## [What you need to do]
What are the lines from the one containing "Please note filling is not" through the last line of the records below? Return them exactly, leaving out pictures.

[Stored entries]
= Beginning of Section =

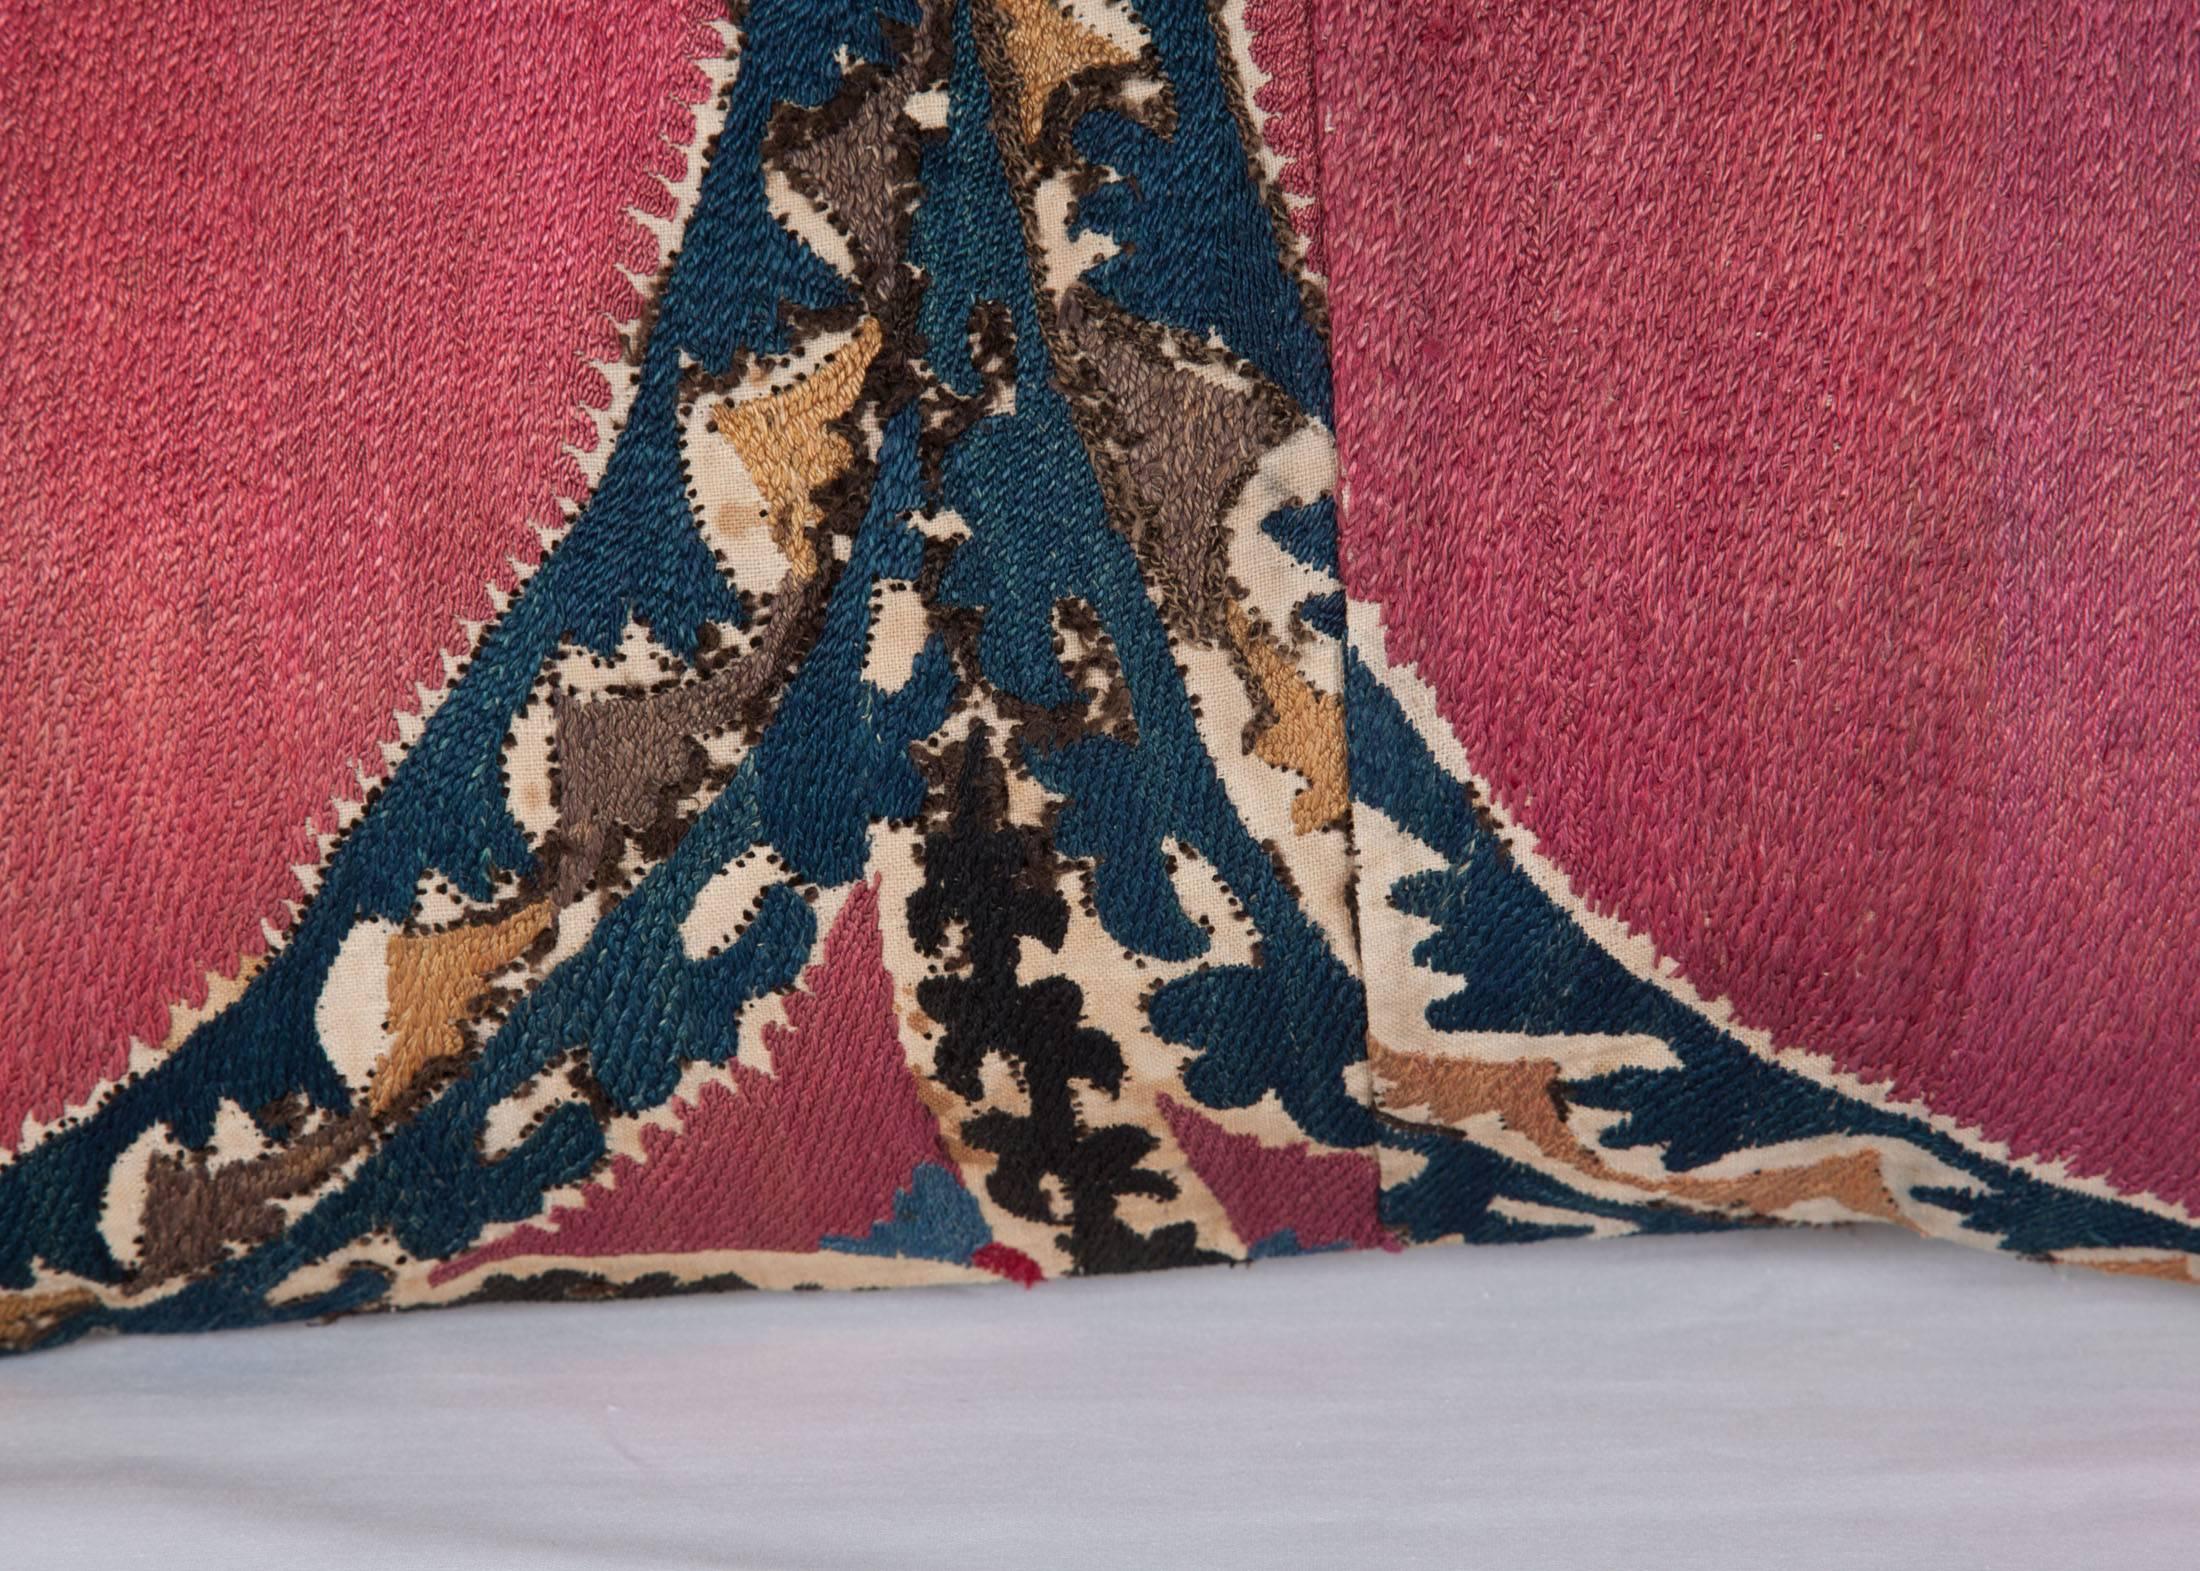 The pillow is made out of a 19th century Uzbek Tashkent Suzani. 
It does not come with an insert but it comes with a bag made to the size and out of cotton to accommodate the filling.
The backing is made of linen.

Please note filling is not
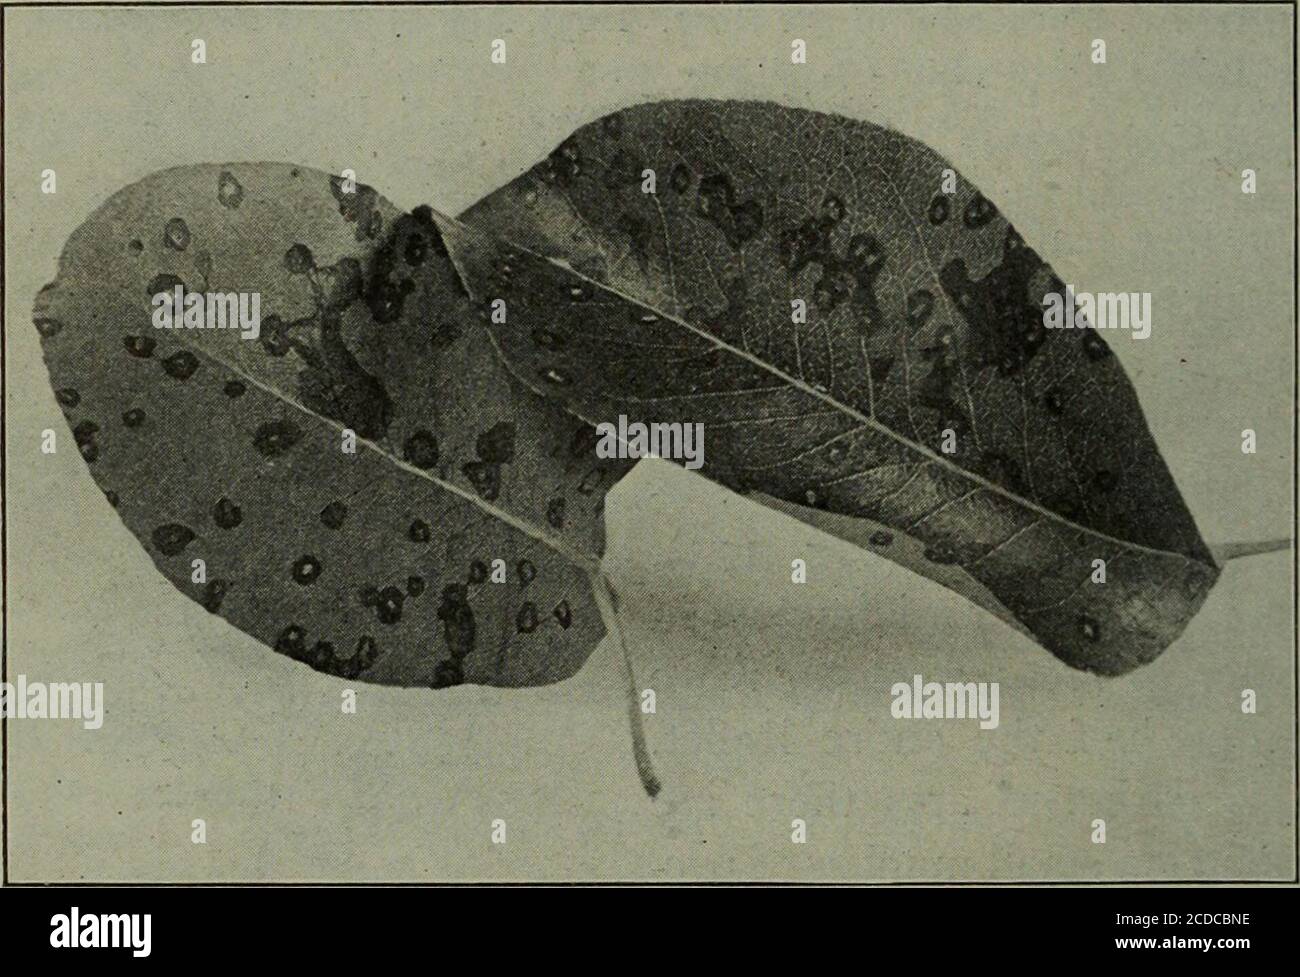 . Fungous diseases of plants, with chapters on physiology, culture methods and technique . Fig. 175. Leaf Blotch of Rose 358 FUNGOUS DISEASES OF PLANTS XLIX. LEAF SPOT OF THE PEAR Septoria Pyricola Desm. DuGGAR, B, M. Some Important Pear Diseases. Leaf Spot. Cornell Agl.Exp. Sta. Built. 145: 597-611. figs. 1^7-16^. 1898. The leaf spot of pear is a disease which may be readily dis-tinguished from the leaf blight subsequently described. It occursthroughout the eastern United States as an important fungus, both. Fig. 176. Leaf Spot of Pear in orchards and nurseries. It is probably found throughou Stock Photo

= End of Section =

## [Result]
Please note filling is not
 . Fungous diseases of plants, with chapters on physiology, culture methods and technique . Fig. 175. Leaf Blotch of Rose 358 FUNGOUS DISEASES OF PLANTS XLIX. LEAF SPOT OF THE PEAR Septoria Pyricola Desm. DuGGAR, B, M. Some Important Pear Diseases. Leaf Spot. Cornell Agl.Exp. Sta. Built. 145: 597-611. figs. 1^7-16^. 1898. The leaf spot of pear is a disease which may be readily dis-tinguished from the leaf blight subsequently described. It occursthroughout the eastern United States as an important fungus, both. Fig. 176. Leaf Spot of Pear in orchards and nurseries. It is probably found throughou Stock Photo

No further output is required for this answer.